* **Instructions to follow**:
Take the listing below and write it out again exactly, skipping any picture that it holds.

* **The data**:

Content starts

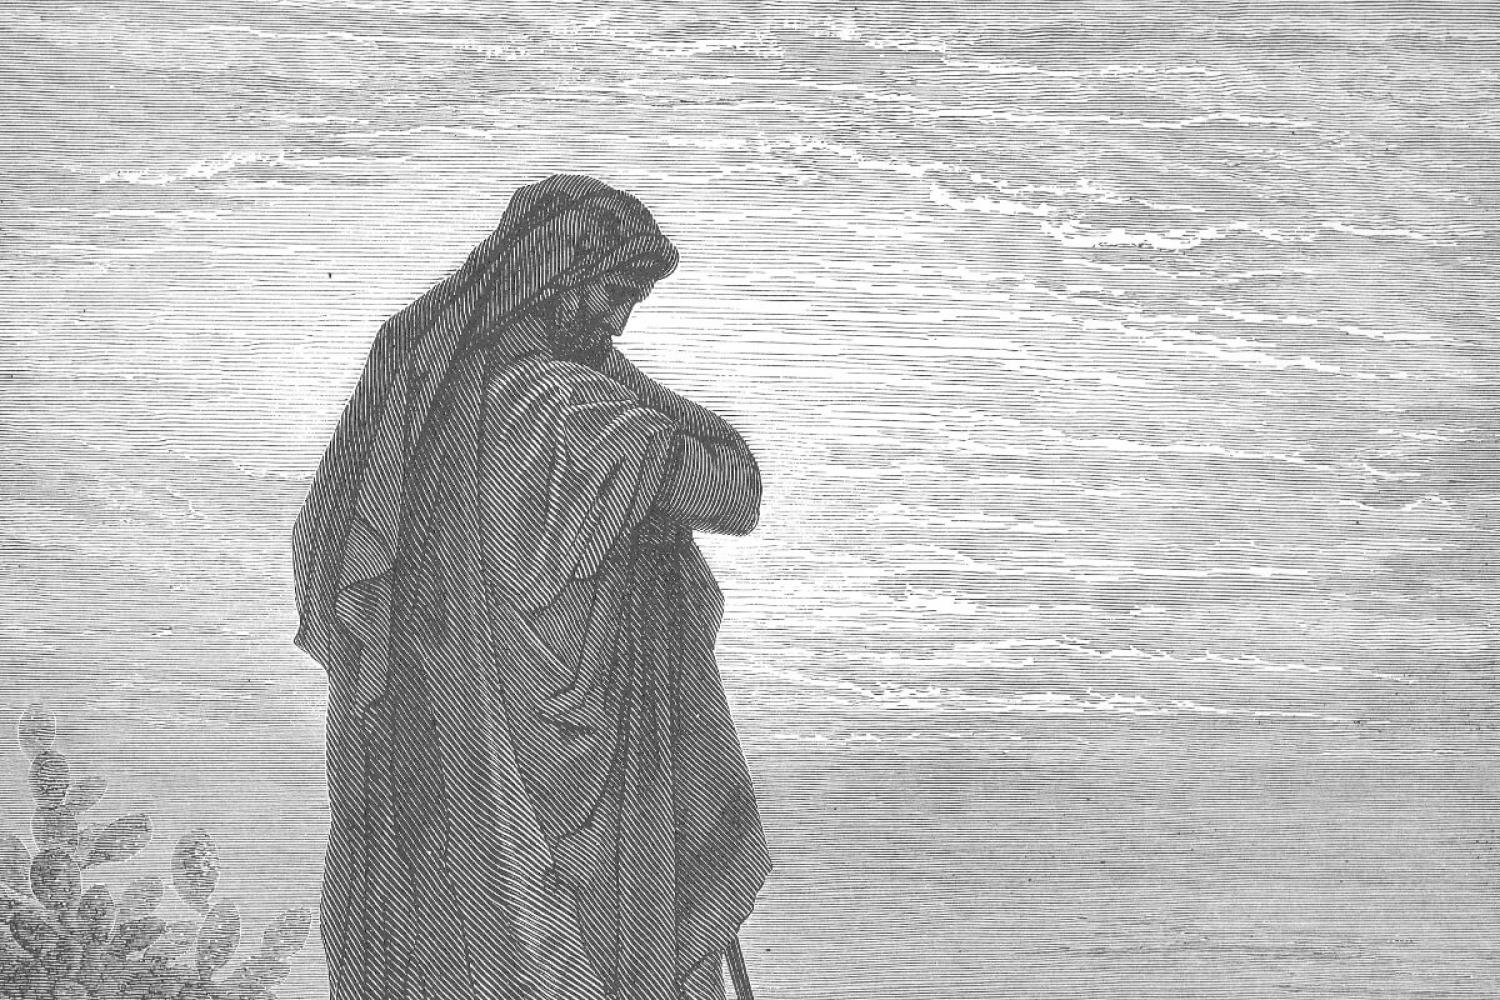 "The Prophet Amos," by Gustave Dore
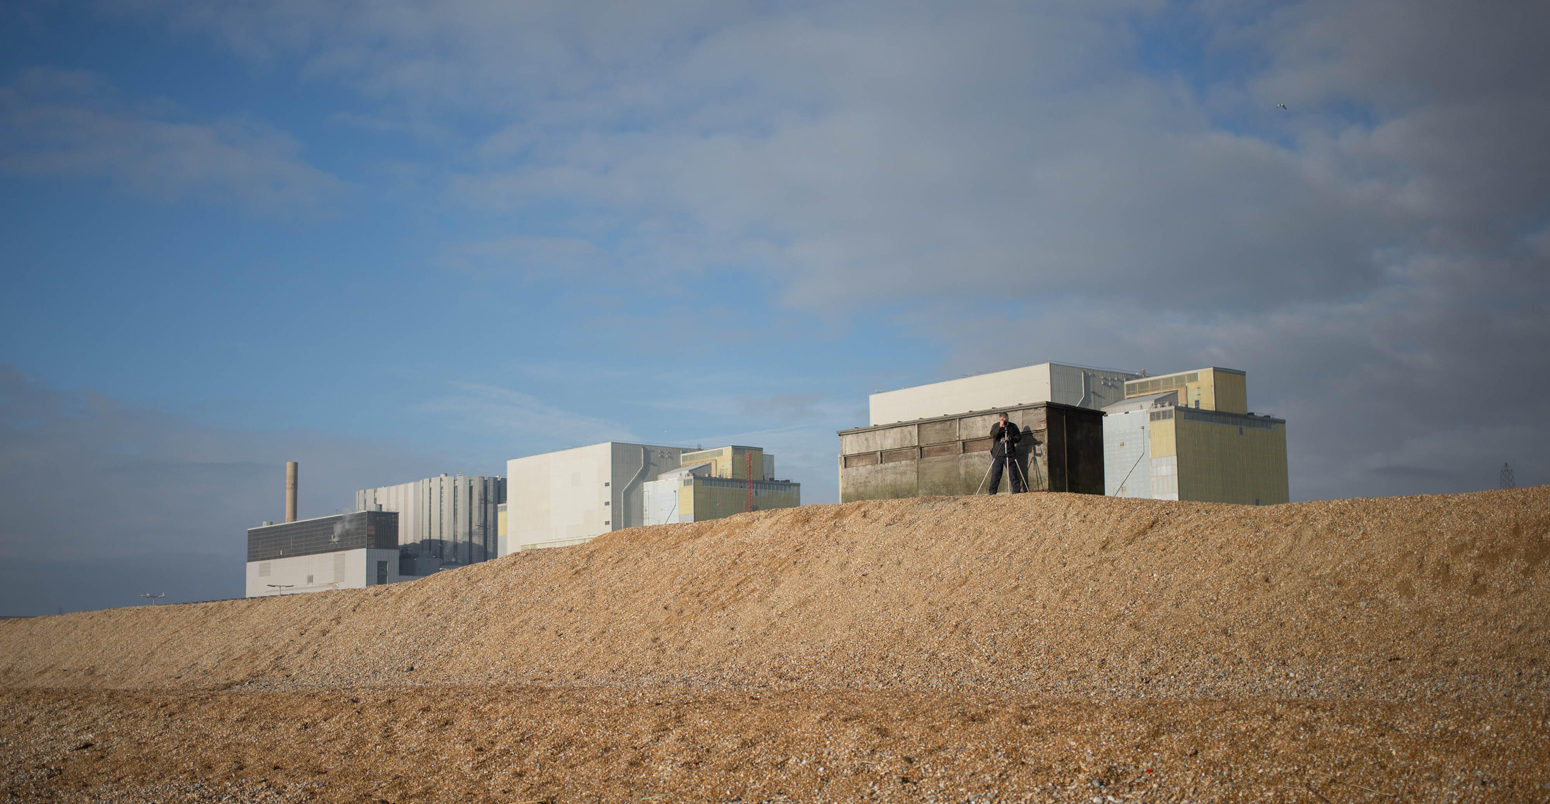 Dungeness nuclear power station, Kent, UK
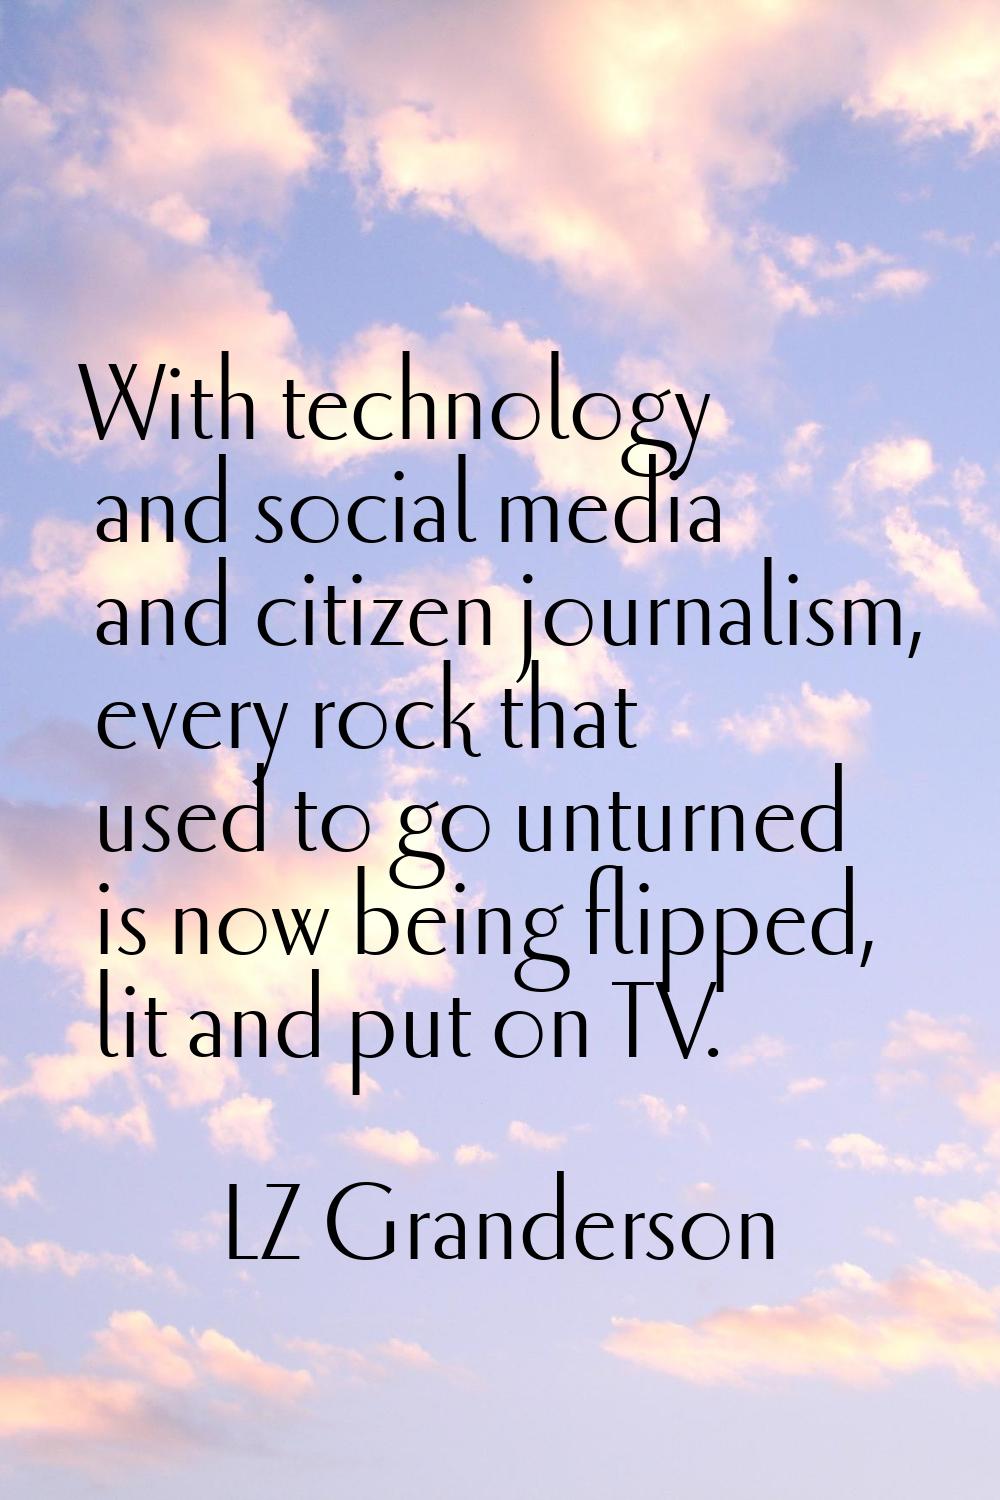 With technology and social media and citizen journalism, every rock that used to go unturned is now
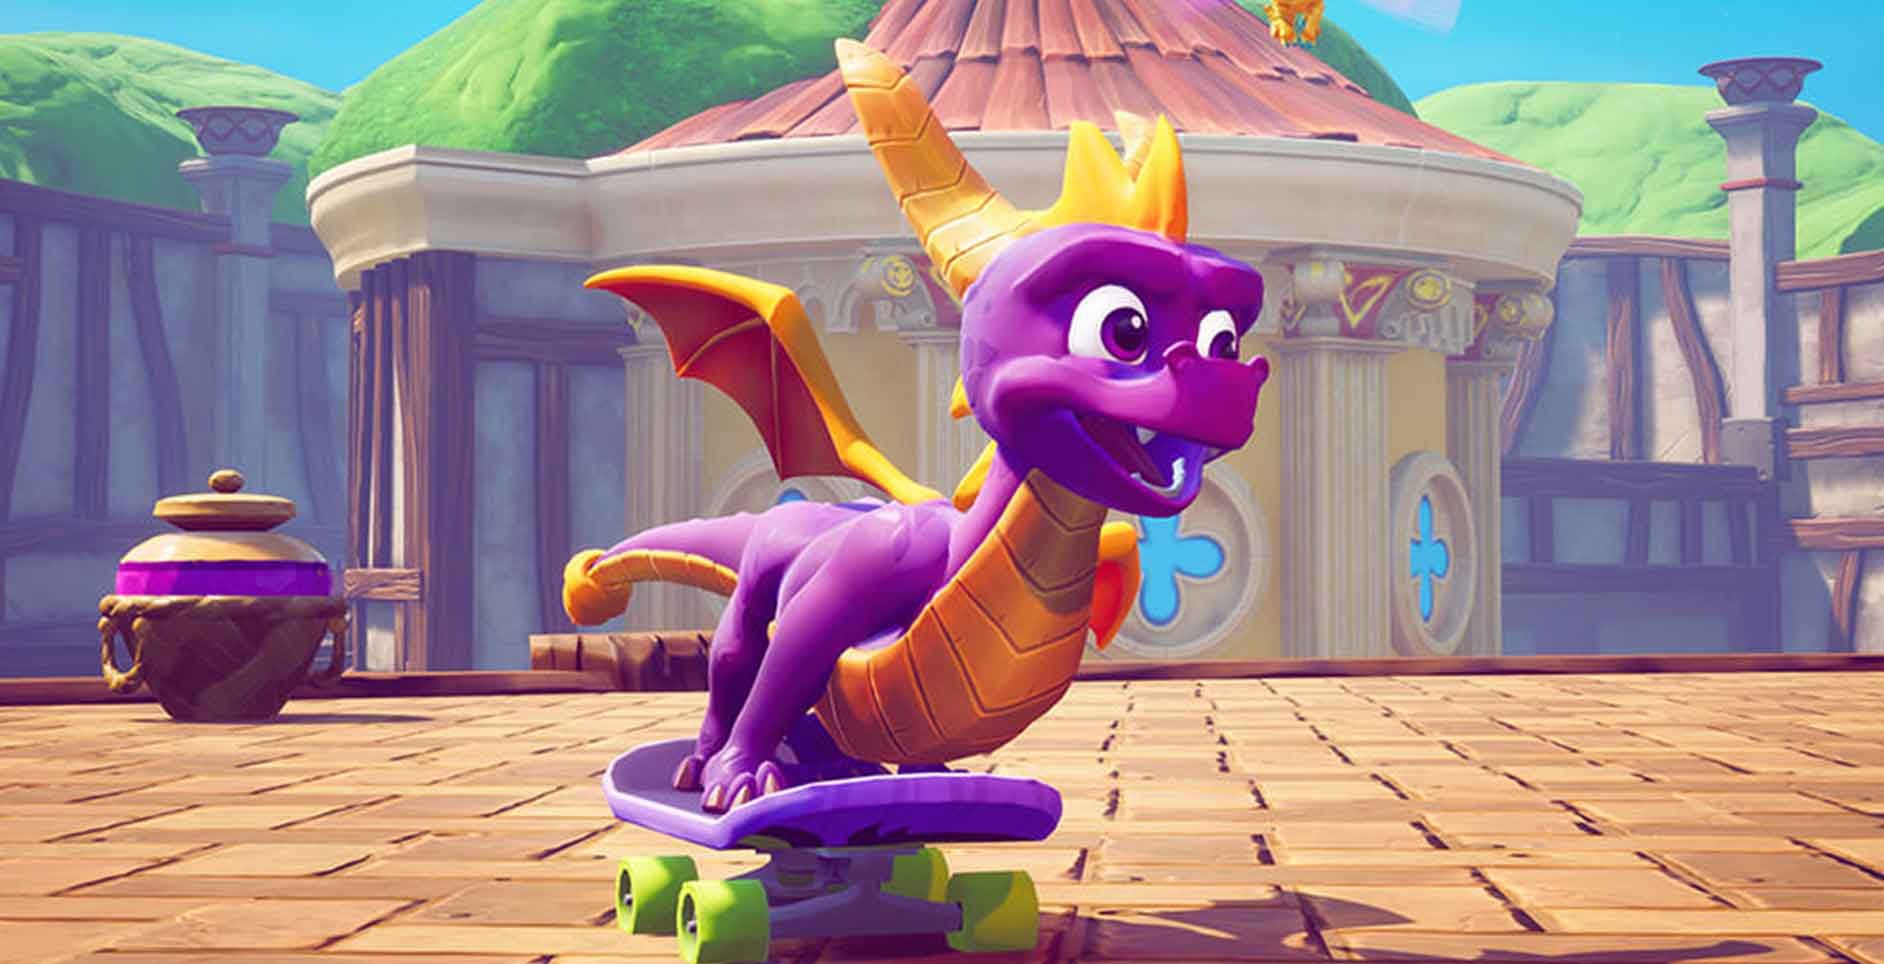 The Full Trophy List Now Revealed For Spyro Reignited Trilogy

Content ends

* **Written answer**:
 "The Prophet Amos," by Gustave Dore
 Dungeness nuclear power station, Kent, UK
 With technology and social media and citizen journalism, every rock that used to go unturned is now
 The Full Trophy List Now Revealed For Spyro Reignited Trilogy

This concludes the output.